I’ll make no claim as to the innocence of the men in question; there’s certainly a strong possibility that they were exactly what the government claimed. But let’s look at the pattern this regime has now established: The executive branch will hereby bypass the judicial branch of government altogether. A case not going the way we want? Not guaranteed a full conviction? We don’t actually have any substantive evidence against a United States citizen? We’ll just invoke a flagrantly unconstitutional “rule” and designate the targets of our ire “enemy combatants” — a designation which, by the way, has no basis in either American or international law — and revoke all of their rights, trying them before a military tribunal where they have effectively no possibility of defending themselves. Little George’s gestapo has already — illegally — stuck two Americans with this label, Jose Padilla and Yaser Esam Hamdi, and again, I’ll make no claims as to their innocence. But without allowing an opportunity for the presentation of evidence — both prosecutorial and defensive — there is absolutely nothing to prevent this from happening to anyone, under any pretext; there is no accountability whatsoever. Where is the line to be drawn between questioning the government and working to overthrow it? When do words and thoughts become criminal conspiracy? Historically, it’s been at the moment when concrete action is taken toward a criminal goal. But as the Lackawanna case has now demonstrated, the line is wherever John Ashcroft decides it is.
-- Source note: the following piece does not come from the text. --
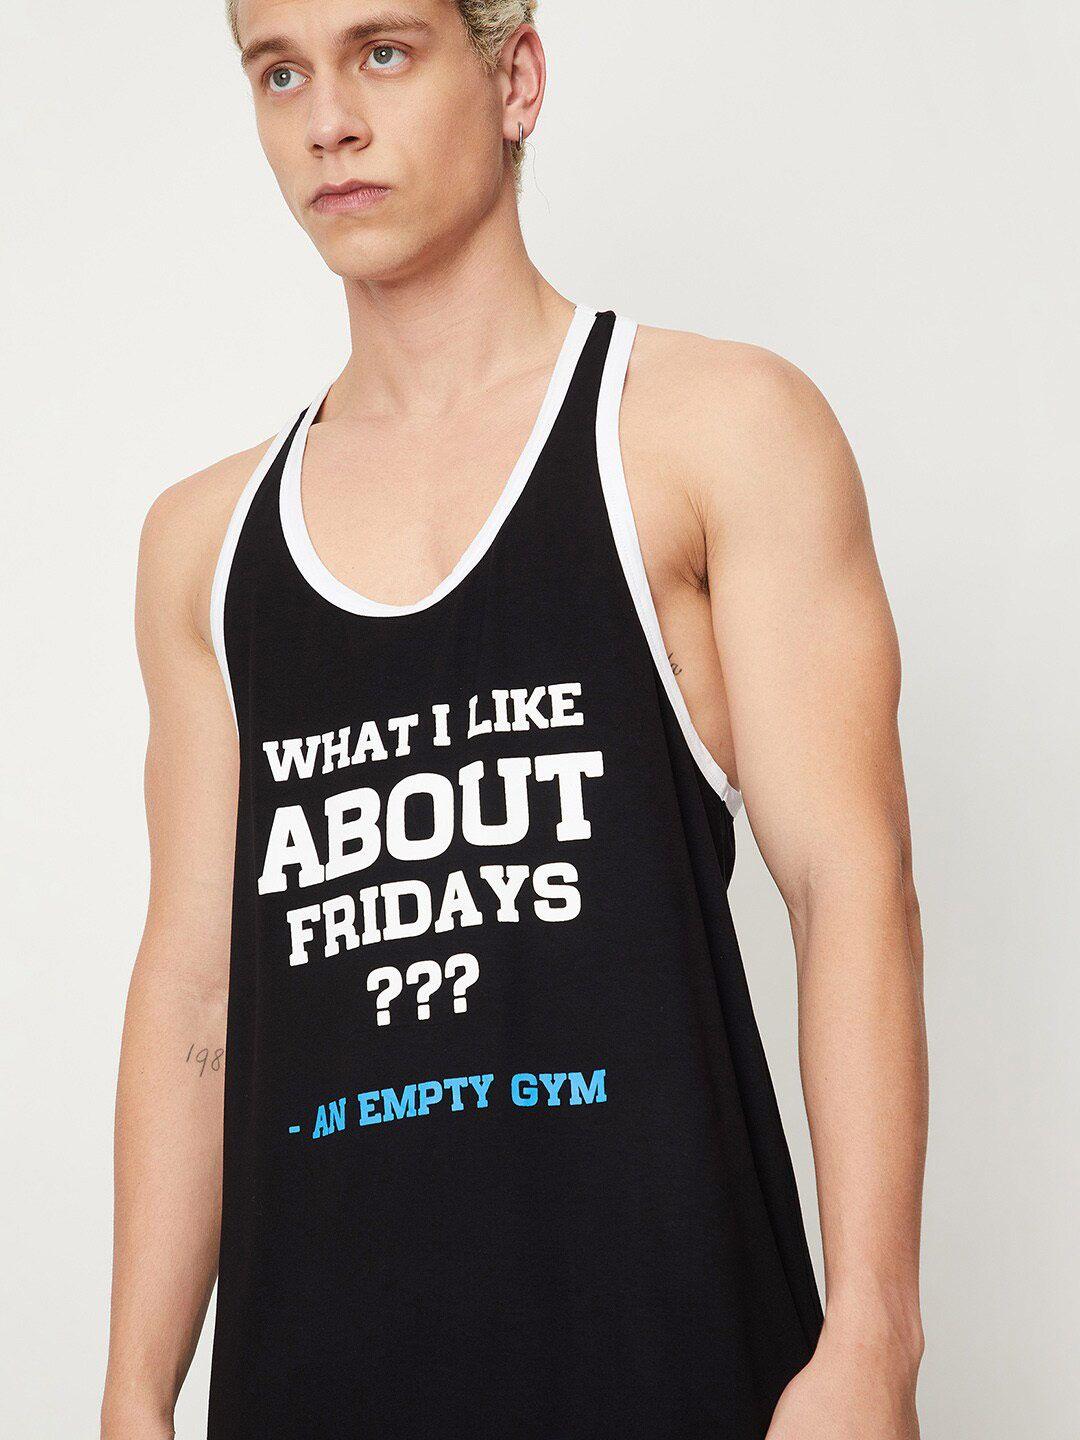 max-typography-printed-sleeveless-training-or-gym-t-shirt

So where does this leave folks like me? Okay, granted, I’m a little “small potatoes” for DOJ to worry about (right now), but let’s think about it. I routinely rant against the evils of the Bush regime. I’m all in favor of its ouster. Hell, I’ve got a list of folks (well, not actually written down) whose incarceration and/or “shuffling off of the mortal coil” will inspire me to throw a party (though it’s worth noting that little George is not on that list — since his departure would leave Dick Cheney in charge). Under the new code of government conduct, I — despite having taken no illegal action, or even concrete action or incitement toward an illegal goal — could just as easily be designated an “enemy combatant.”
I’ve no doubt that history will remember John Ashcroft in the same breath as Joe McCarthy. But how far is this regime going to go, how many people are going to suffer, and how blind are people going to remain in the meantime?